- _Your task_: Every entry is to be returned verbatim.

- _Stored data_:
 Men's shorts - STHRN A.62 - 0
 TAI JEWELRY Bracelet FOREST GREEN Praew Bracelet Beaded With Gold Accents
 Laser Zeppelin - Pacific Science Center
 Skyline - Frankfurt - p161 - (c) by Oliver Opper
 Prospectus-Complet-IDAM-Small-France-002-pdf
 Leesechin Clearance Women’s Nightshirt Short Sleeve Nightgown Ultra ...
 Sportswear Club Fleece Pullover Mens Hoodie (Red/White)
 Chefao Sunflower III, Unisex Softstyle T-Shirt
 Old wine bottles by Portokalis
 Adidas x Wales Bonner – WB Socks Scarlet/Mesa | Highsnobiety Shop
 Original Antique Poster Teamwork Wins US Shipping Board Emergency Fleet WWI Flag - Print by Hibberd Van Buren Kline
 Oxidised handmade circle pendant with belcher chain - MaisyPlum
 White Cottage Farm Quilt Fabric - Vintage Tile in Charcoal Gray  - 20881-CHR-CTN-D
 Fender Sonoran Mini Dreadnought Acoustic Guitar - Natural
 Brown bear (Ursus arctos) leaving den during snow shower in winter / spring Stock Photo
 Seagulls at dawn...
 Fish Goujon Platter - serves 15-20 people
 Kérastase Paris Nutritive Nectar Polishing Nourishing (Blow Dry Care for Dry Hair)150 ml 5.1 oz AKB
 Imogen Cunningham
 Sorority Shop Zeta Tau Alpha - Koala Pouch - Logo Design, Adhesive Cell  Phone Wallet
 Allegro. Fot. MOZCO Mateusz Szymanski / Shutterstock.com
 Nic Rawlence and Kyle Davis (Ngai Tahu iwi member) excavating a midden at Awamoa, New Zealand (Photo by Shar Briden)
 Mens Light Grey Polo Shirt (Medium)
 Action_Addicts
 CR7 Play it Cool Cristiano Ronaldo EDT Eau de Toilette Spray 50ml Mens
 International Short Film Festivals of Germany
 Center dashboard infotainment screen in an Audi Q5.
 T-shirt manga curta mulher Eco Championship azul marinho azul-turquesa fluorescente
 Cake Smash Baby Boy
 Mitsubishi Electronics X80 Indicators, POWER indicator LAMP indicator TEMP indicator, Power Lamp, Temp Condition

- _Written answer_:
 Men's shorts - STHRN A.62 - 0
 TAI JEWELRY Bracelet FOREST GREEN Praew Bracelet Beaded With Gold Accents
 Laser Zeppelin - Pacific Science Center
 Skyline - Frankfurt - p161 - (c) by Oliver Opper
 Prospectus-Complet-IDAM-Small-France-002-pdf
 Leesechin Clearance Women’s Nightshirt Short Sleeve Nightgown Ultra ...
 Sportswear Club Fleece Pullover Mens Hoodie (Red/White)
 Chefao Sunflower III, Unisex Softstyle T-Shirt
 Old wine bottles by Portokalis
 Adidas x Wales Bonner – WB Socks Scarlet/Mesa | Highsnobiety Shop
 Original Antique Poster Teamwork Wins US Shipping Board Emergency Fleet WWI Flag - Print by Hibberd Van Buren Kline
 Oxidised handmade circle pendant with belcher chain - MaisyPlum
 White Cottage Farm Quilt Fabric - Vintage Tile in Charcoal Gray  - 20881-CHR-CTN-D
 Fender Sonoran Mini Dreadnought Acoustic Guitar - Natural
 Brown bear (Ursus arctos) leaving den during snow shower in winter / spring Stock Photo
 Seagulls at dawn...
 Fish Goujon Platter - serves 15-20 people
 Kérastase Paris Nutritive Nectar Polishing Nourishing (Blow Dry Care for Dry Hair)150 ml 5.1 oz AKB
 Imogen Cunningham
 Sorority Shop Zeta Tau Alpha - Koala Pouch - Logo Design, Adhesive Cell  Phone Wallet
 Allegro. Fot. MOZCO Mateusz Szymanski / Shutterstock.com
 Nic Rawlence and Kyle Davis (Ngai Tahu iwi member) excavating a midden at Awamoa, New Zealand (Photo by Shar Briden)
 Mens Light Grey Polo Shirt (Medium)
 Action_Addicts
 CR7 Play it Cool Cristiano Ronaldo EDT Eau de Toilette Spray 50ml Mens
 International Short Film Festivals of Germany
 Center dashboard infotainment screen in an Audi Q5.
 T-shirt manga curta mulher Eco Championship azul marinho azul-turquesa fluorescente
 Cake Smash Baby Boy
 Mitsubishi Electronics X80 Indicators, POWER indicator LAMP indicator TEMP indicator, Power Lamp, Temp Condition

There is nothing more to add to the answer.